Gladys and Lavay's 50th Wedding Anniversary
Sunday June 21, 2007 - 2- 4 PM
A few Comments of Memory and Appreciation.
Congratulations to Gladys and Lavay on their 50th wedding anniversary.
Lavay is my nephew and the oldest of my parents' twenty grandchildren, so he had his own special place in the Baird family. (picture at right is Lavay at 2 and Ruth at 8)
After Lavay and Gladys's marriage, Gladys also became a vital part of our large family. I am especially appreciative of the fact that Lavay and Gladys visited (and later brought their children to visit) his widowed maternal grandmother regularly in her old age.
Gladys and Lavay and their children also can always be counted on to participate and attend Baird family reunions, funerals and weddings when possible.
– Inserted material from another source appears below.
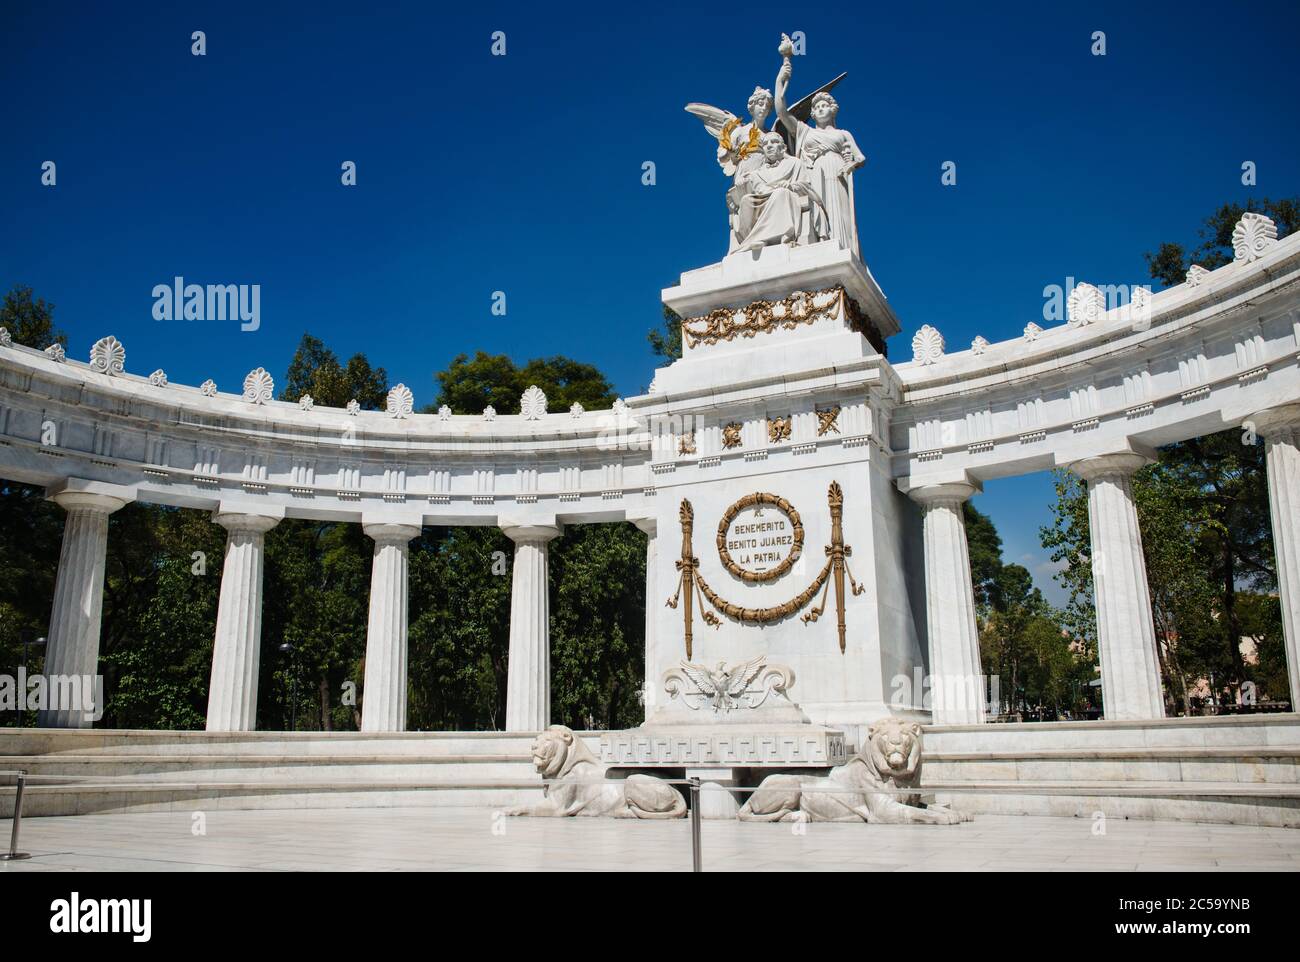 Monument devant la colonnade, Hemicillo a Benito Juarez, Mexico, Mexique Banque D'Images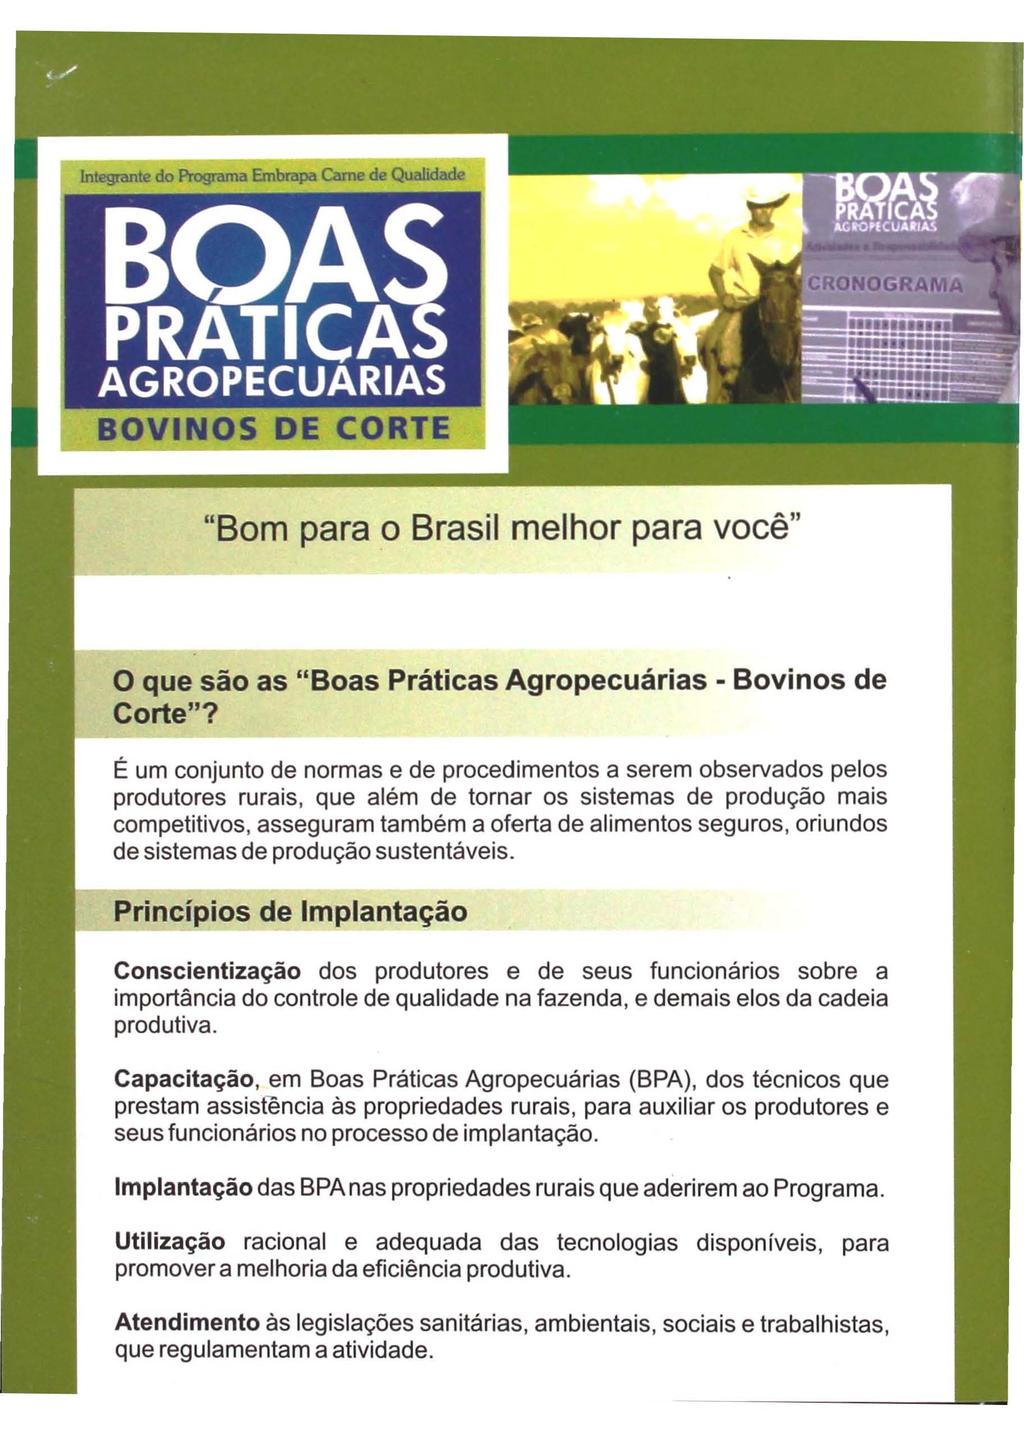 BOVINOS DE CORTE "Bom para o Brasil melhor para você" o que são as "Boas Práticas Agropecuárias - Bovinos de Corte"?

Lavay is the only child of my sister Louise and her husband Ernest McCullough. Louise was the last of my three sisters and five brothers to die. So as his last aunt, who knew him as a child, I will write a few memories of Lavay's childhood.
Lavay came into the world with a ready made and large family of fans. His mother Louise, as the oldest daughter, was called "Sis" by the rest of us. Sis, the perfect lady, took an interest in her younger siblings and tried to teach us proper manners, not always with success. Nevertheless, she had a special place in the heart of each one of us. I will miss her as long as I live!
. Lavay was one of the pastors to give a eulogy at his Grandmother Baird’s funeral.
Lavay's dad was killed in a tragic robbery when Lavay was a baby. Lavay may know more of the details from his mother than I, but my understanding is that Ernest was robbed of his money by two brothers and killed.
The two Hulsey brothers received the death penalty and were electrocuted for this horrible crime.
One of the sad memories of my childhood is the sight of my grieving sister, Louise fainting and almost falling as she is being escorted to a car supported on each side by her two older brothers (Wilson Grice and William Bogan) to go to the first of the cars lined up in front of our house on 32 Hazel Street to go to her husband's and the father of her baby's funeral.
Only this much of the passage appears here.